Sulner v General Accident Fire & Life Assurance Corp. illustrates the type of deceptive [*5]conduct sustained under GBL § 349 (122 Misc 2d 597, 597-98 [Sup Ct, Special Term, NY County 1984]). When plaintiffs' business moved, it requested water damage insurance for the new premises and was advised that such coverage would be issued (id.). A substantial and severe water damage loss occurred (id.). After months of inaction by the insurer, an adjuster examined what was left of the records and property that had been damaged, stated there was coverage, made a final examination, and told plaintiffs it was no longer necessary to retain the damaged property since the examination had been completed (id.). Thereafter, plaintiffs destroyed the bulk of the damaged property (id.). Months later, plaintiffs were notified that the defendants had disclaimed coverage (id.).

Additionally, as identified by the court in Goldberg v Manhattan Ford Lincoln-Mercury, "[t]he kinds of trade practices which have been considered as deceptive in the past include false advertising, pyramid schemes, deceptive preticketing, misrepresentation of the origin, nature or quality of the product, false testimonial, deceptive collection efforts against debtors, deceptive practices of insurance companies, and bait and switch' operations" (129 Misc 2d 123, 125-26 [Sup Ct, Special Term, NY County 1985] [citations omitted]).

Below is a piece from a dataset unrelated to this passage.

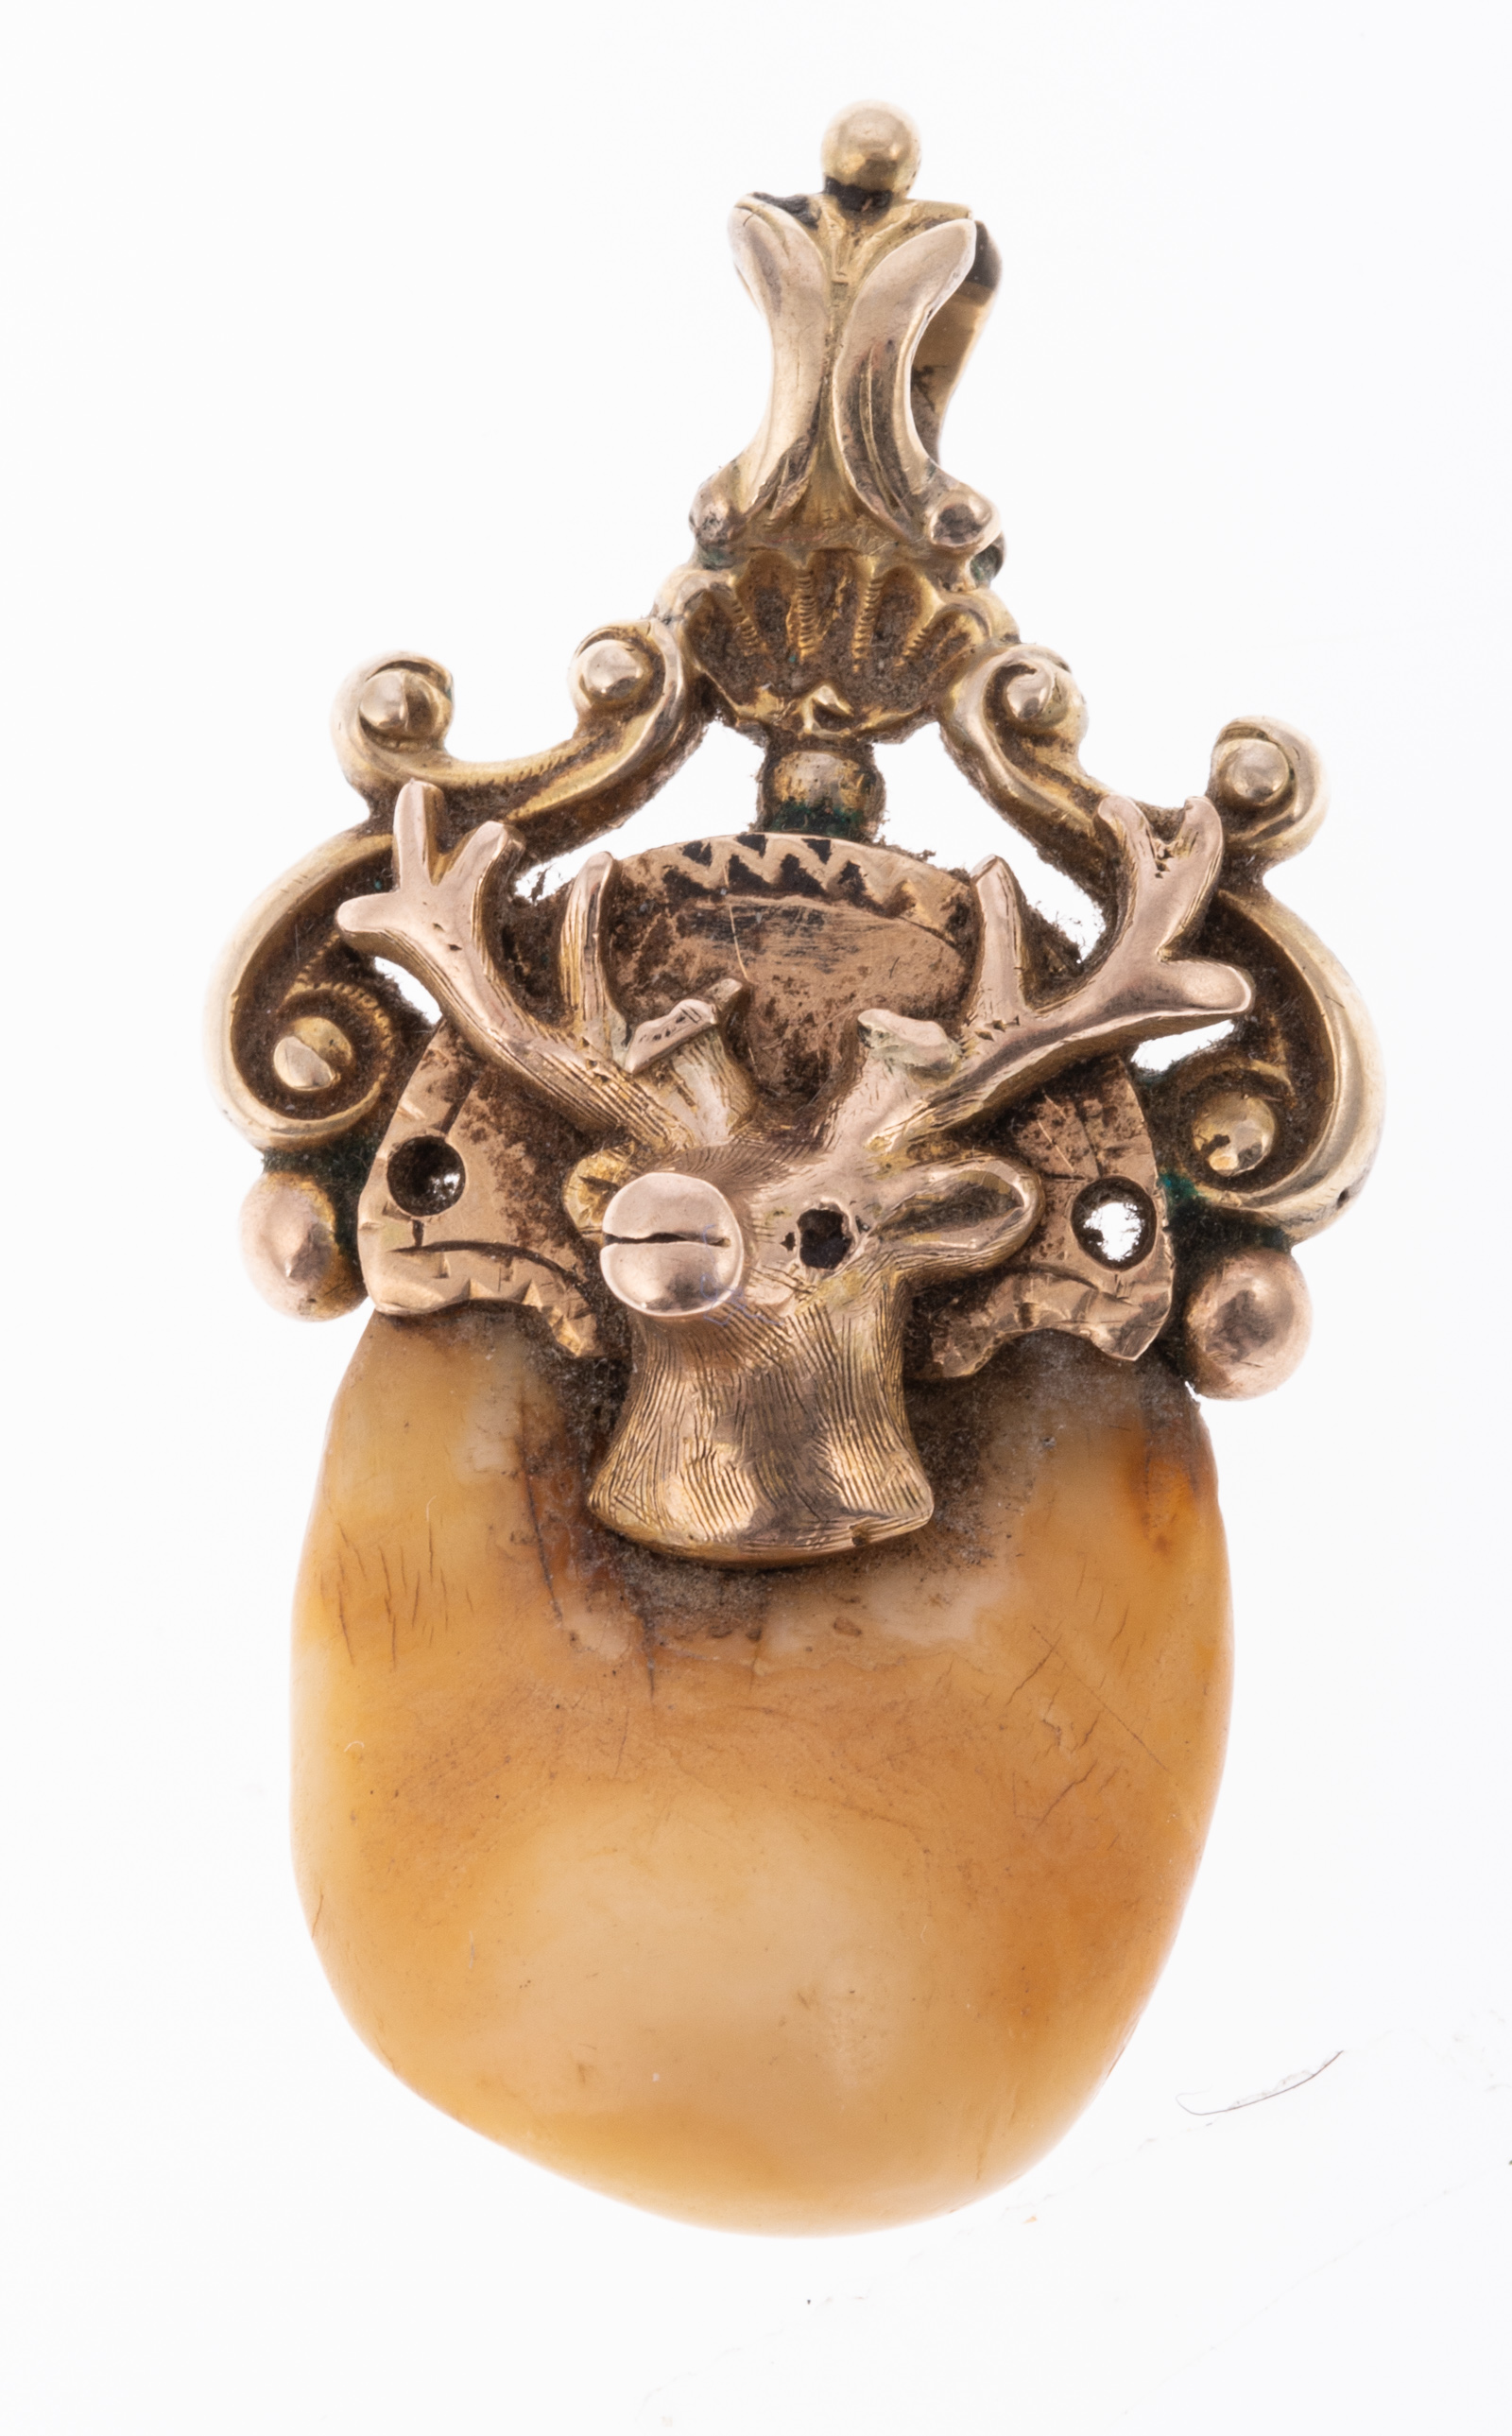 ELKS TOOTH PENDANT B P O E Marked 2897a6

The Richstones simply allege that "Everbank by failing to deliver as promised the reverse mortgages that it had contracted to provide has engaged in and is engaging in a business practice in violation of General Business Law § 349" (Complaint ¶ 42). No allegations are offered from which the Court may infer that defendants committed any deceptive or misleading acts. The Richstones' allegations, which amount to nothing more than an unfulfilled promise, bear no resemblance to those cases in which a claim has been allowed (see Scavo v Allstate Ins. Co., 238 AD2d 571, 572 [2d Dept 1997] ["the scheme, which purportedly was designed to force the plaintiff and other insureds into using . . . affiliated contractors by means of misrepresentations, threats, and various retaliatory measures, is indicative of the deceptive practices that General Business Law § 349 was designed to prevent"]; People by Vacco v Lipsitz, 174 Misc 2d 571, 573-74 [Sup Ct, NY County 1997] [allegations that respondent, using various assumed business names, sold magazine subscriptions while pocketing the subscription money and causing only some magazines to be delivered]).

Moreover, the conduct must be consumer-oriented and have a broad impact on consumers at large (Oswego Laborers' Local 214 Pension Fund, 85 NY2d at 26; see, e.g., Pellechia & Pellechia, Inc. v American Nat'l Fire Ins. Co., 244 AD2d 395, 396 [2d Dept 1997] ["Since the complaint essentially alleges a private contract dispute over policy coverage and the processing of a claim which is unique to these parties, rather than conduct which affects the consuming public at large, the complaint fails to allege a cause of action pursuant to General Business Law § 349"]; Sec. Mut. Life Ins. Co. v DiPasquale, 283 AD2d 182, 182 [1st Dept 2001] ["The proposed counterclaim under General Business Law § 349 is not viable because the counterclaim essentially alleges a private contract dispute over policy coverage that is unique to the parties, rather than conduct that affects consumers at large'"]). Nothing more than a failure to abide by a private agreement is alleged here. Accordingly, the third cause of action is dismissed.

Breach of Fiduciary Duty

Defendants maintain that plaintiffs have failed to plead any facts giving rise to a fiduciary relationship between potential borrower Richstone and Everbank.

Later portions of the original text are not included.